§ Instructions for the task: The expected output is exactly the lines below, starting at the line with "Versatile tea cart" and ending at the line with "Senior gentleman holding", both included; no other line belongs in it.

§ Material for this task:

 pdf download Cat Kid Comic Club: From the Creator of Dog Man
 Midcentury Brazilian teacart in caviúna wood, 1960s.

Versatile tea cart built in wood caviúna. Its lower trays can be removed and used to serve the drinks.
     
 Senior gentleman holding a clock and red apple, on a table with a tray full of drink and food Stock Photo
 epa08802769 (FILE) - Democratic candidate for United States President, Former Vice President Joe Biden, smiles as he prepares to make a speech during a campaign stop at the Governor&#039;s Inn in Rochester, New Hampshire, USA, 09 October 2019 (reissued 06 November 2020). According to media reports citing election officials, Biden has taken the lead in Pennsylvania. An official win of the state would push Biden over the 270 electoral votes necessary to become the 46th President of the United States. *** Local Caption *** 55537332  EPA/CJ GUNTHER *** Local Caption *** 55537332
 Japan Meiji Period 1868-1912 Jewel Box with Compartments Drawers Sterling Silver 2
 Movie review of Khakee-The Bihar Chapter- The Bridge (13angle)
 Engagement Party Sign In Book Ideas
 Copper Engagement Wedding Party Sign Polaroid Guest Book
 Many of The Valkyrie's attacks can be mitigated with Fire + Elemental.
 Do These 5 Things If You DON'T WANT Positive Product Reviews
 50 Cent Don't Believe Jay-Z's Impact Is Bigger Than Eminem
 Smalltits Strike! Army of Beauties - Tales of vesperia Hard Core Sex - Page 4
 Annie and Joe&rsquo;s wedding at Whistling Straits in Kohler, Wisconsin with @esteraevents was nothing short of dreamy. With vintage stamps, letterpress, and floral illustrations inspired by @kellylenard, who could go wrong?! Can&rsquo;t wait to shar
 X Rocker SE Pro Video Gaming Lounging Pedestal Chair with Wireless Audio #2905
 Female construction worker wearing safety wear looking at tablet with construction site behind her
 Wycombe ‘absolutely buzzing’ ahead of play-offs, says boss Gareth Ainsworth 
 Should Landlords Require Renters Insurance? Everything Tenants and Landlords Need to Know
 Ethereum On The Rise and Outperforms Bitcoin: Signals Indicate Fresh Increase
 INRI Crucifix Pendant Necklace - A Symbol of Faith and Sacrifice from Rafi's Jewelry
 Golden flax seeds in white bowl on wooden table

§ Finished task:
Versatile tea cart built in wood caviúna. Its lower trays can be removed and used to serve the drinks.
     
 Senior gentleman holding a clock and red apple, on a table with a tray full of drink and food Stock Photo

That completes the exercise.